The previous approaches, like LSTM, GRE, etc were also working well on sequence data, but were much less efficient.
But what about the inventor of attention itself? and what about the inventors of MLP? What about the inventor of backpropagation? And who s that guy who invented matrix multiplication?
Apologies for making a more meta-comment. But I think the title of the post title should be the the paper title "Attention Is All You Need" as per the HN guidelines.
"...please use the original title, unless it is misleading or linkbait; don't editorialize." [0]
I'm completely alien to this stuff, so excuse me, but does the attention mean that, if, on average in all texts seen, "jane visits" happens more often than "jane africa", that means that in the sentence "jane visits africa" the second word should pay most "attention" to the first word?
It's part of the puzzle. You could also mention Schmidhuber who claimed that he invented attention a long time ago (didn't read his paper though, so hard to judge).
It's a pedagogic paper, not scientific paper. People who invent things, and people who teach the things so that they become main stream often are very different kinds of people.
Also in fairness to LeCun, that sentence started with “in terms of underlying techniques”, and his words reported in the media are guaranteed to be a subset of what he said. A journalist talked to him, found an angle, and quoted to support that angle.
What comes across is someone who downplays both the effort involved with and the importance of the “boring” stuff, the tweaks and product design that tie everything together, but we actually don’t know that he thinks like that. We just know that he said some things that can be excerpted to sound that way.

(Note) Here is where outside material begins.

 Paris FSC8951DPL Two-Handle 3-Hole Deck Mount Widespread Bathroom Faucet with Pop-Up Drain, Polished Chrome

I don't know, personally I don't find anything revolutionary about ChatGPT either. At best, it's a cute toy that appeals to the masses. I think it's like looking at a cloud, people see what they want to see
Of course he would say this, as he’s a direct competitor that failed to get the popularity with Galactica. The public has voted, and agreed it’s a breakthrough. Indeed nothing else like it has existed before - so how is it not?
This is such a salty take by LeCun. It's an important reminder that someone can be incredibly smart and still have bad opinions.
This would be like saying software isn't novel - everything is just an extension of that first NAND/NOR gate or that it's not useful because the computer doesn't actually understand the knowledge it's storing and is therefore no better than a clay tablet.
That said, still mind blowing how far ahead Google was (is?) on research, data, compute, and how hard it is to actually novel things with that tech (vs OpenAI which... Just ships things).